• Required action: Make an exact copy of the listing so that no picture is carried over.
** Collected material follows **
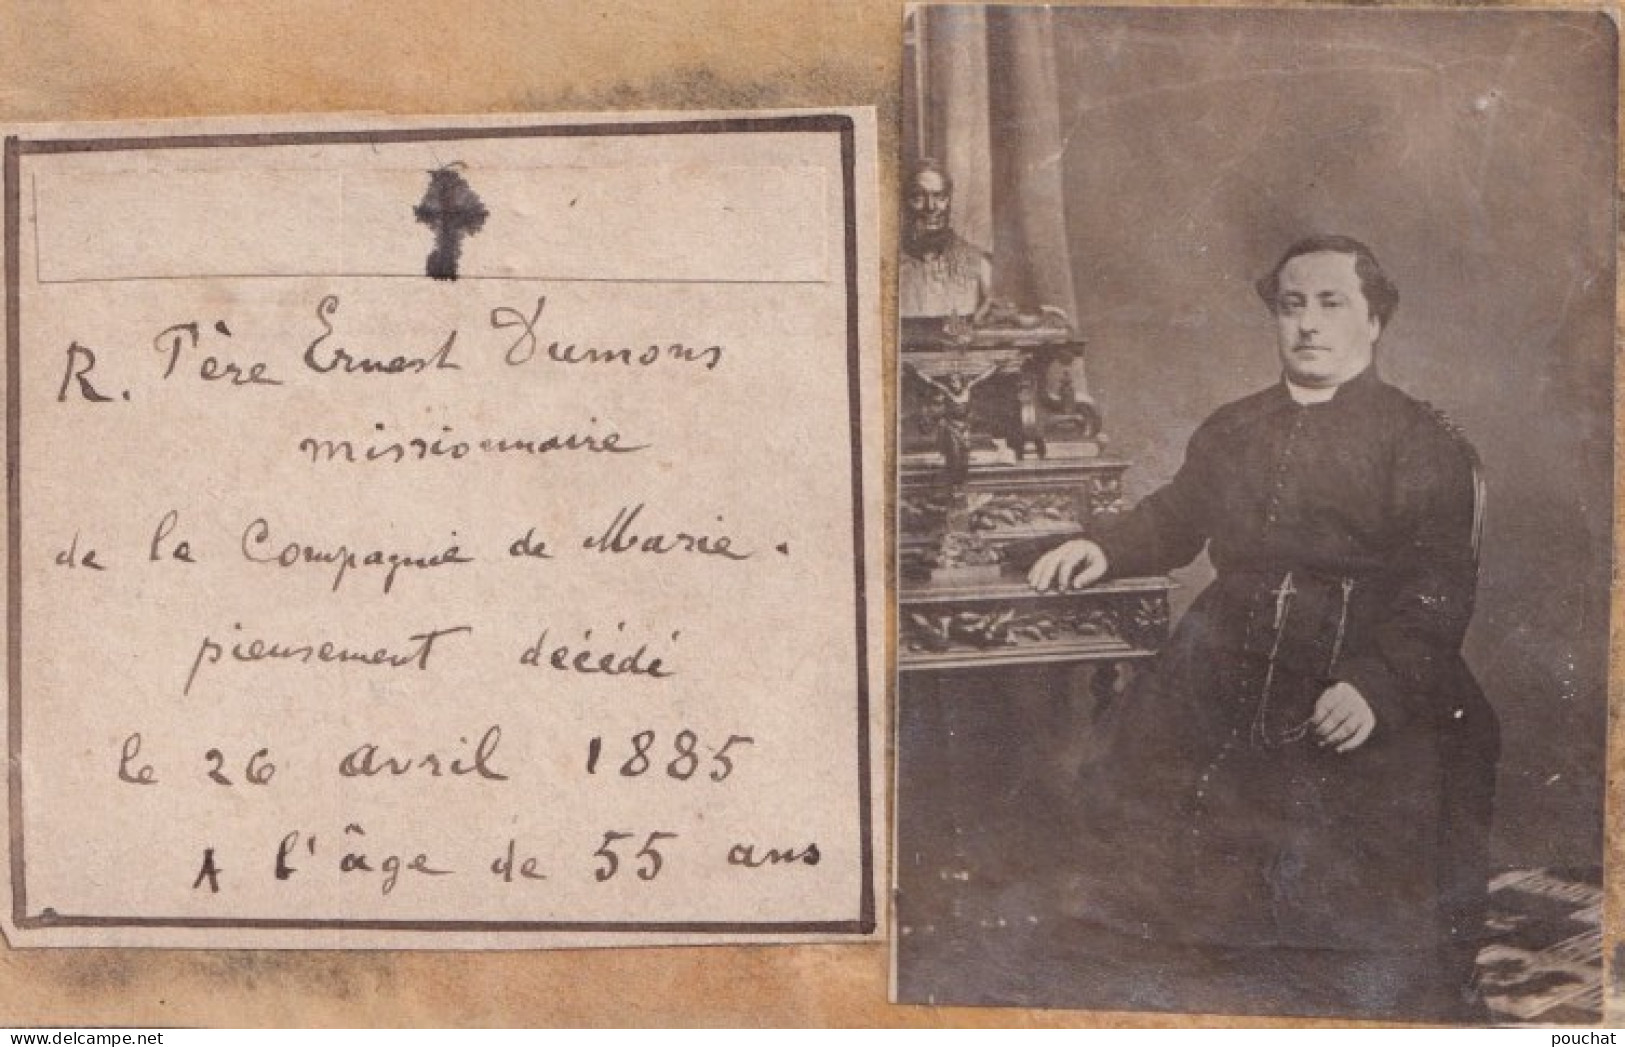 R. PERE ERNEST DUMONS - CARTE PHOTO - MISSIONNAIRE DE LA COMPAGNIE DE MARIE - DECEDE A L ' AGE DE 55 ANS - 1904  - Missions
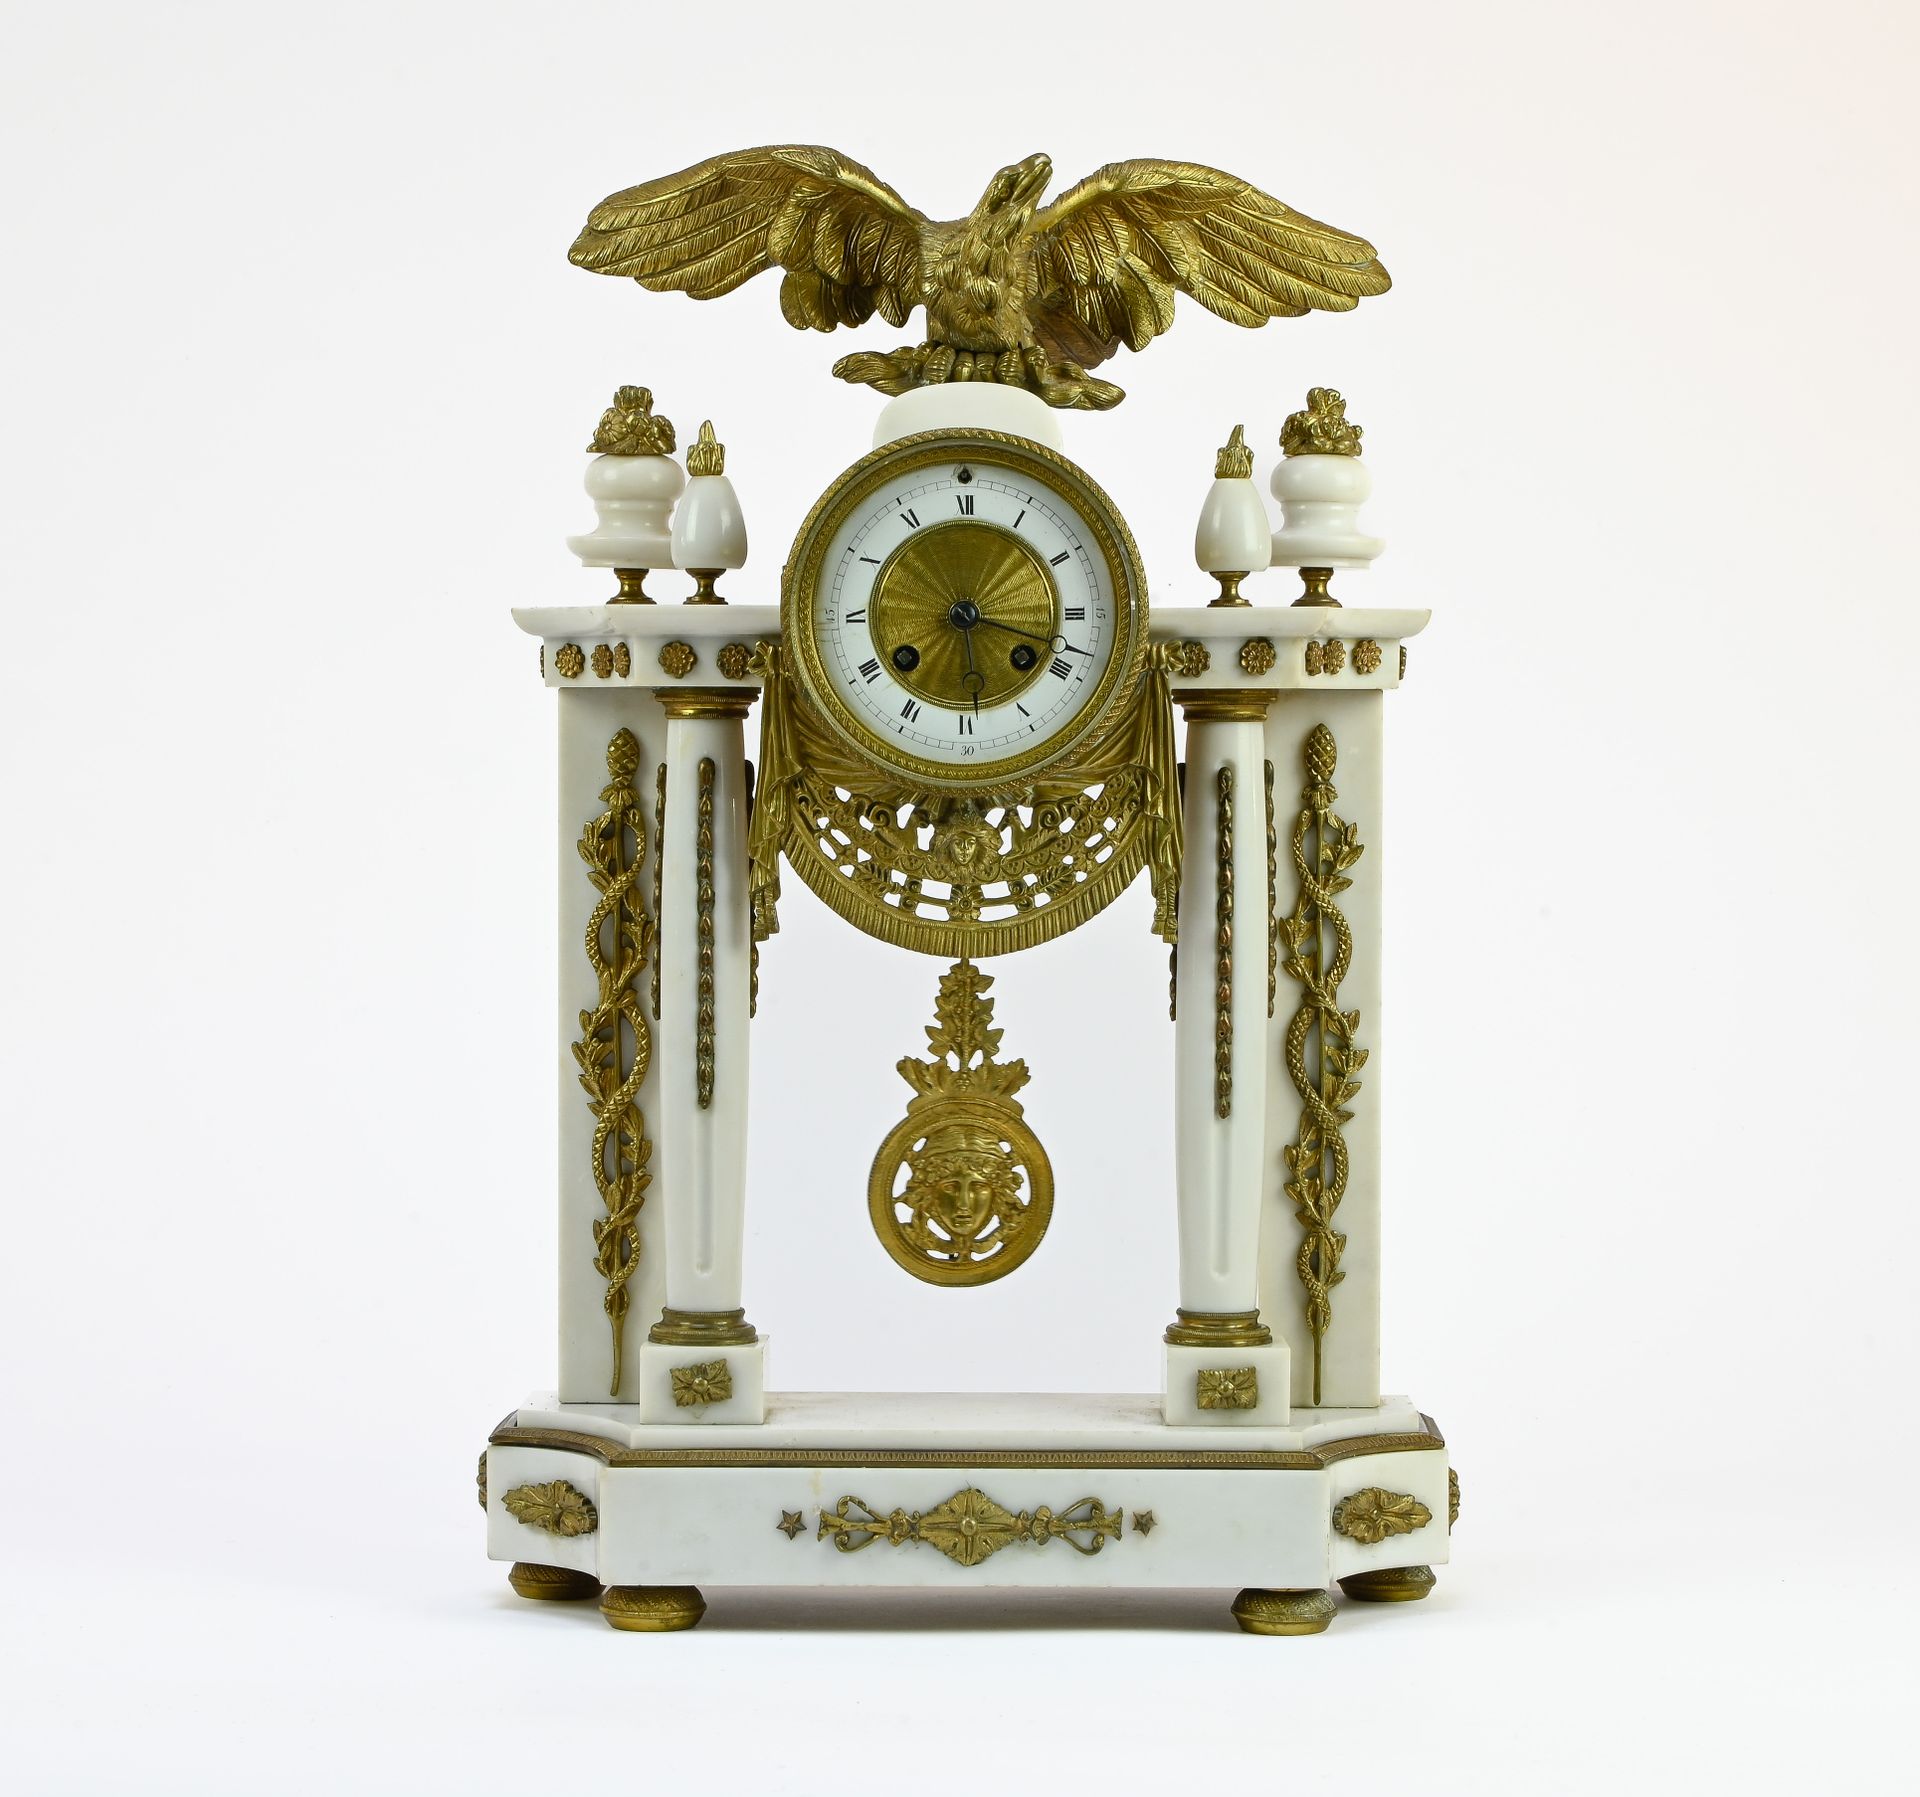 Pendule portique à l'aigle PERIODO LUIGI XIV

Orologio da portico con aquila



&hellip;
** End of Collected material **
• Exercise result:
 R. PERE ERNEST DUMONS - CARTE PHOTO - MISSIONNAIRE DE LA COMPAGNIE DE MARIE - DECEDE A L ' AGE DE 55 ANS - 1904  - Missions
 Pendule portique à l'aigle PERIODO LUIGI XIV

Orologio da portico con aquila



&hellip;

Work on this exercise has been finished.